Halfway house in need
An extended stay in a North Charleston halfway house helped Nellie Gash escape the temptations of the street and rebuild a life ravaged by crack cocaine and prison.
Previous story
Women work to break the cycle with help from Magdalene House, published 07/20/08
At 44, Gash is sober, employed and enrolled in Trident Technical College. She hopes to get a place of her own soon and move out of Magdalene House, a nonprofit that helps women try to break the cycle of addiction and incarceration.
Gash credits Magdalene House with saving her life. But as she prepares to graduate from the program, she wonders if the same helping hand will be around to lift others from their cycles of despair.
After two years in operation, Magdalene House is almost out of money and struggling to keep its doors open.
Donations have dried up in the sour economy, leaving the program with just enough cash to survive for another couple of months, said the Rev. Marilyn Powell, who led the effort to found Magdalene House of Charleston.
"We're really hurting and we're faced with closing, which we simply cannot do," Powell said.
"We have three wonderful women there who are working full-time, two of whom are also going to school. We just can't let these women down."
Modeled after a successful program in Nashville, Tenn., the Leeds Avenue home opened in June 2007 as a ministry of St. Stephen's Episcopal Church.
The program takes women from the streets or prisons and helps them get back on the road to normalcy over a two-year period. During that time, the women live in the modest ranch house, which sleeps four.
The home is funded entirely through donations, and Magdalene House has accepted no state or federal dollars.
Powell estimated that the home needs $2,000 a month to operate on a bare-bones budget.
Magdalene House recently laid off its director to save money, and volunteers have been pitching in to help the residents get to appointments, jobs and school.
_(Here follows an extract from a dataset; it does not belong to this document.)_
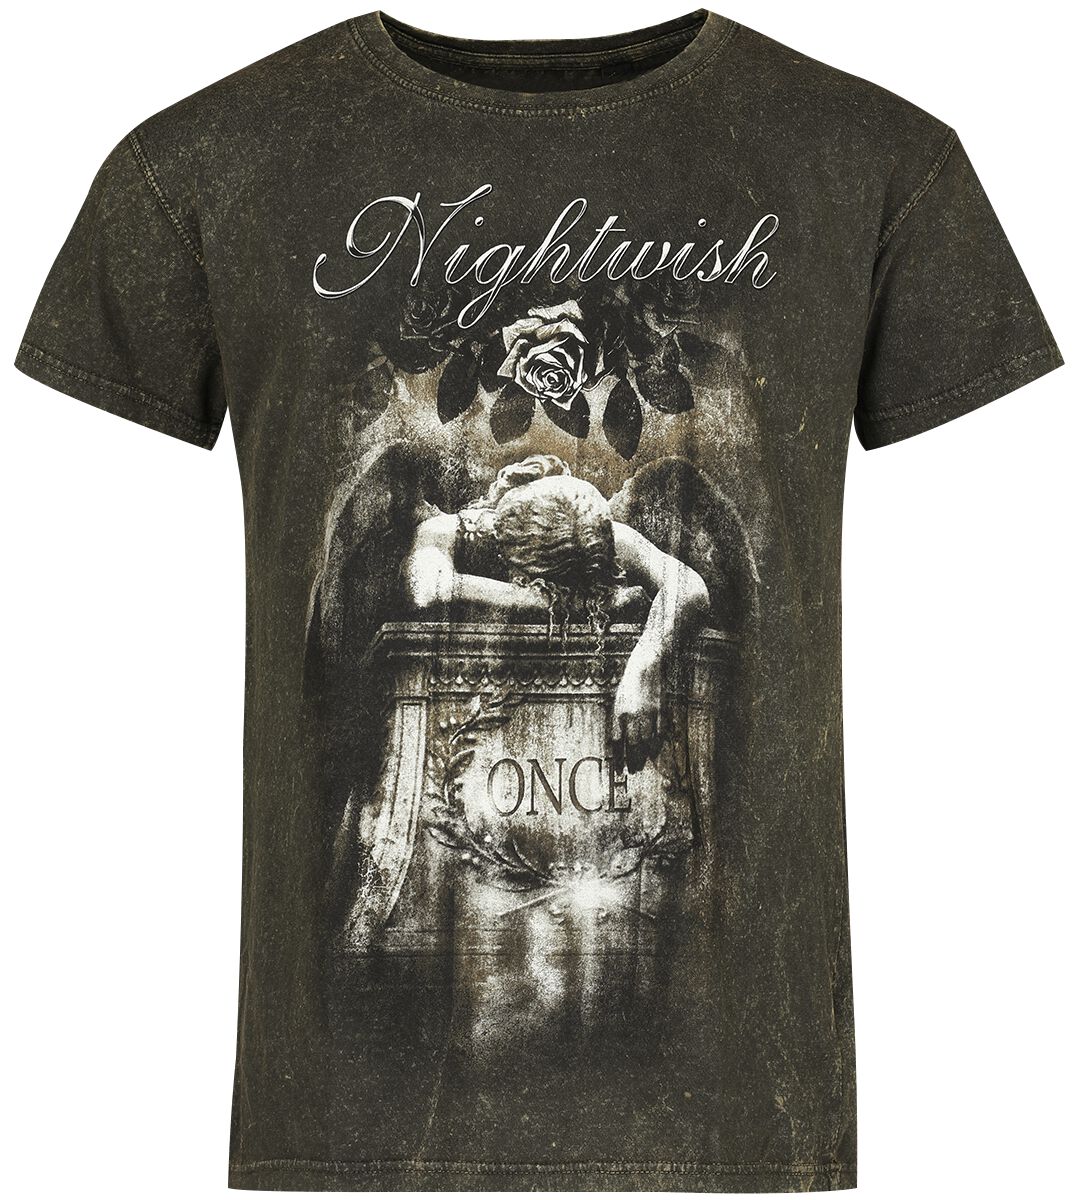 Nightwish T-Shirt - Once - S bis M - für Männer - Größe M - schwarz  - EMP exklusives Merchandise!
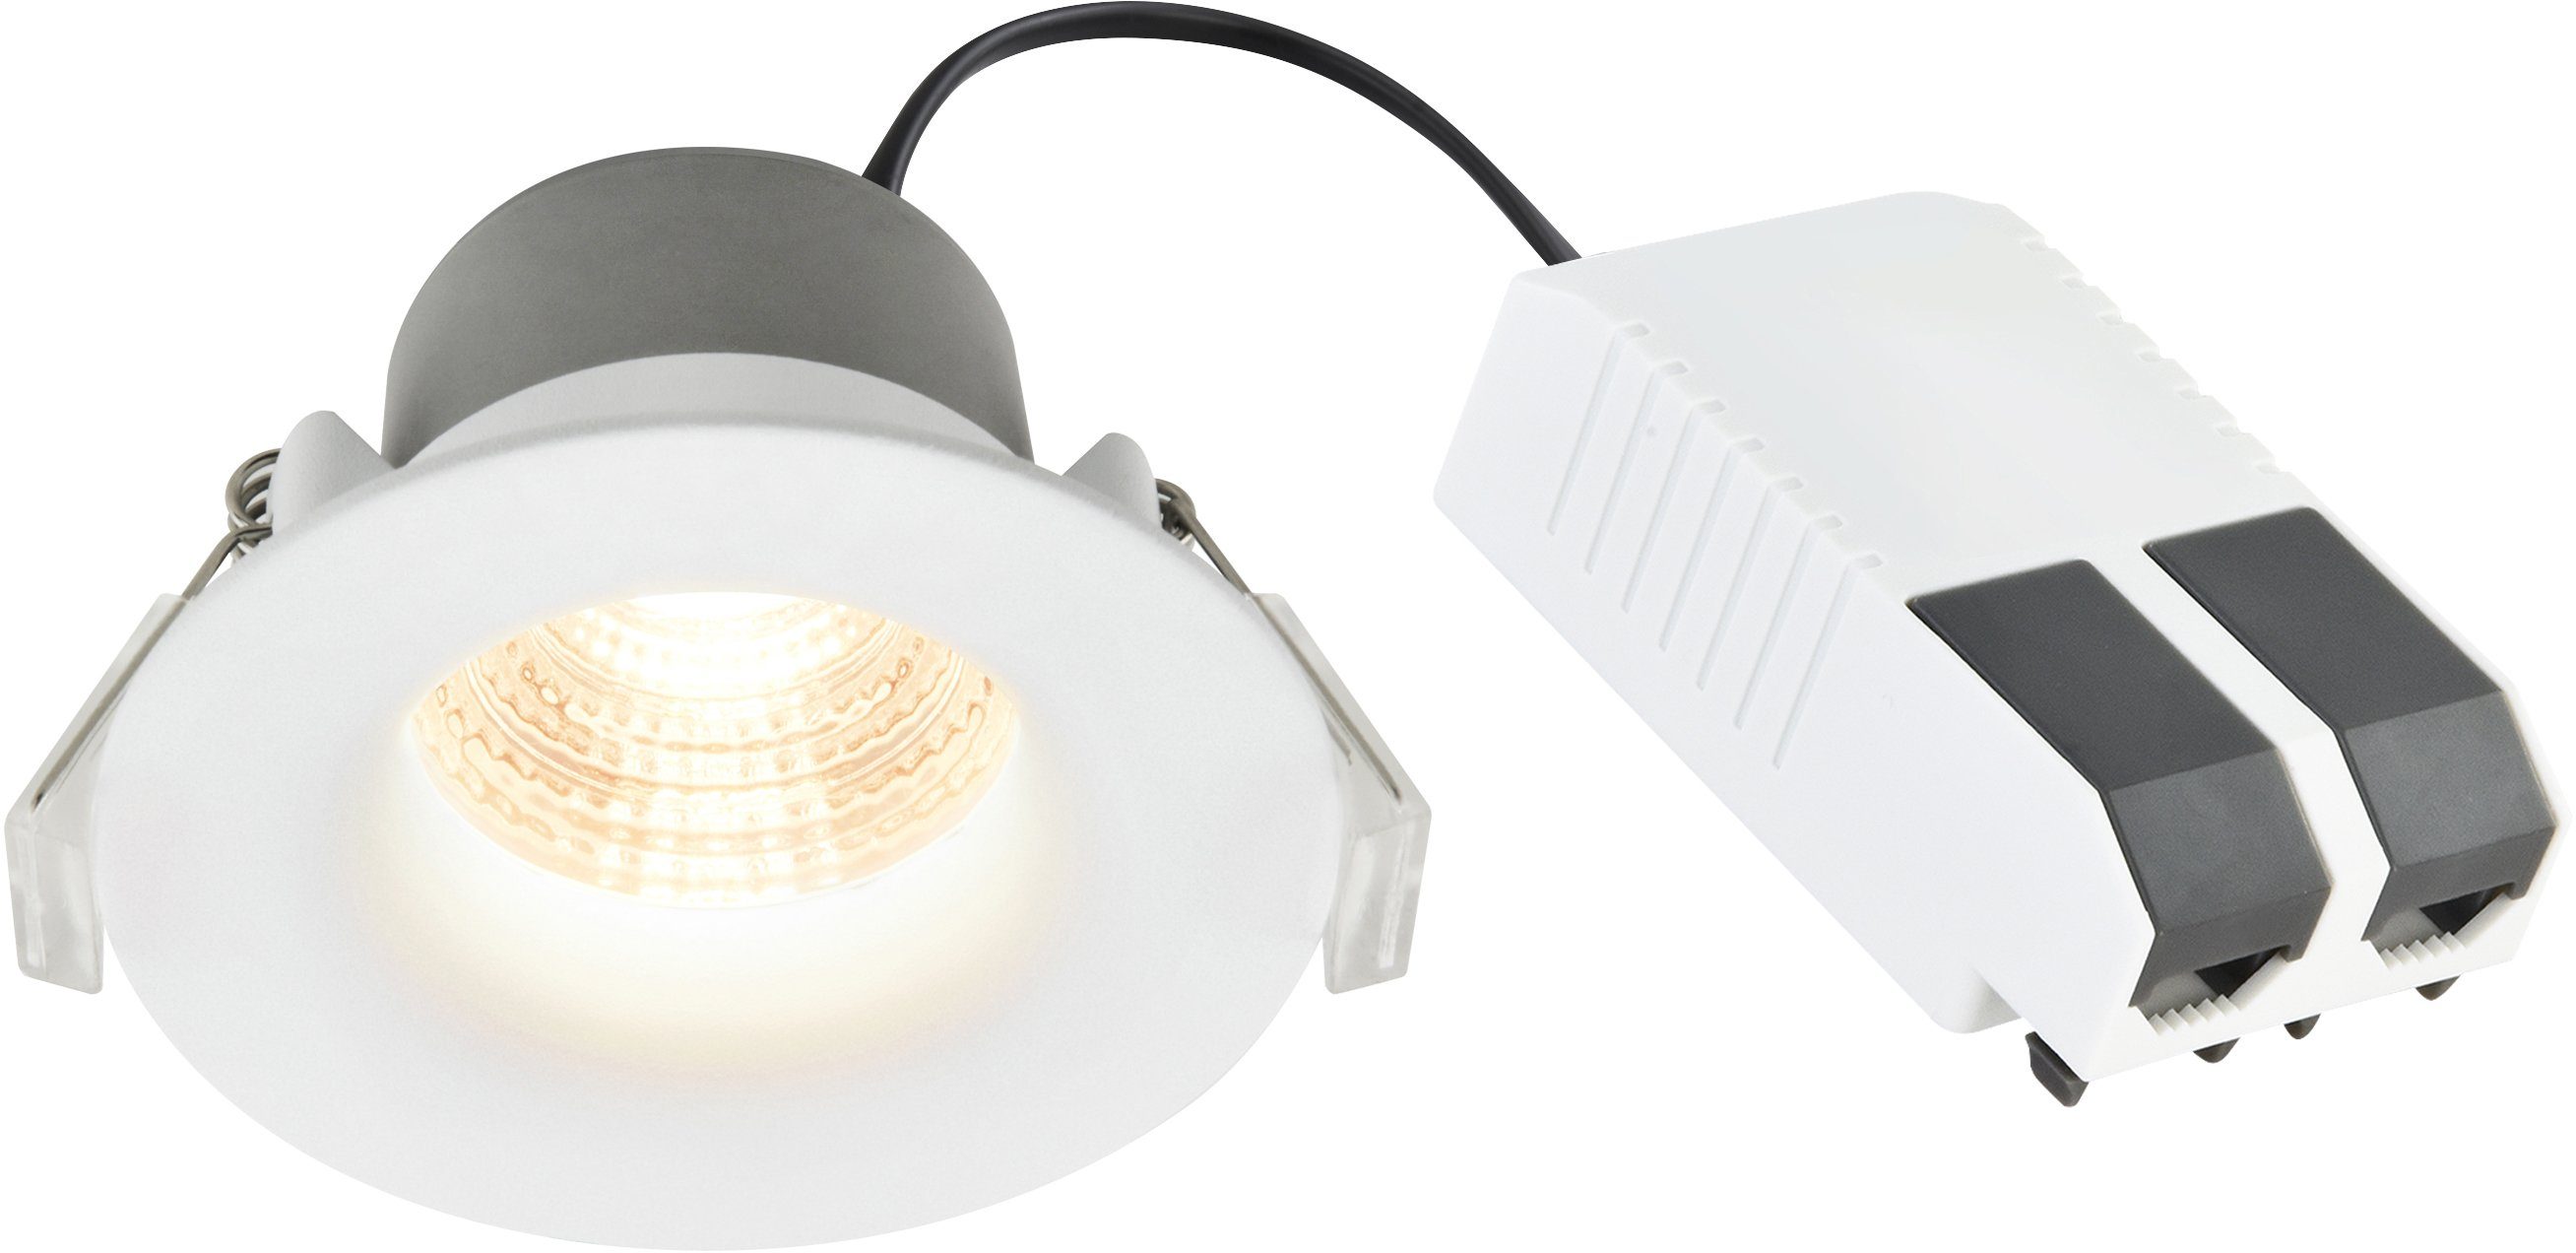 Nordlux Deckenstrahler Starke, LED fest integriert, Warmweiß, inkl. 6,1W LED,  450 Lumen, Dimmbar, 20.000h Lebensdauer

One of the women now has a car and is helping to ferry her housemates around, but the program has no money to pay for her gas, Powell said.
At the same time, the home has developed a leaky roof and recently had to be treated, at considerable expense, for a bed-bug infestation, Powell said.
She has donated some of her own money to keep the program going, but it's not enough, she said.
Gash said she and other residents have been chipping in cash for rent as well, though the program was intended to be rent-free. "We need to do whatever we can to make ends meet," she said. "There needs to be a place for ladies to come."
Cynthia Arrowood, 43, was a middle-class mother of two from Spartanburg before an addiction to painkillers drove her to deal drugs and pass counterfeit checks.
She ended up at Magdalene House after she was released from prison last year and has stayed clean and sober. Arrowood is supposed to remain at the home until April 2010.
"This is a wonderful program, and I don't know what I will do if it closes down," she said. "I really and truly don't want to go back to where I was."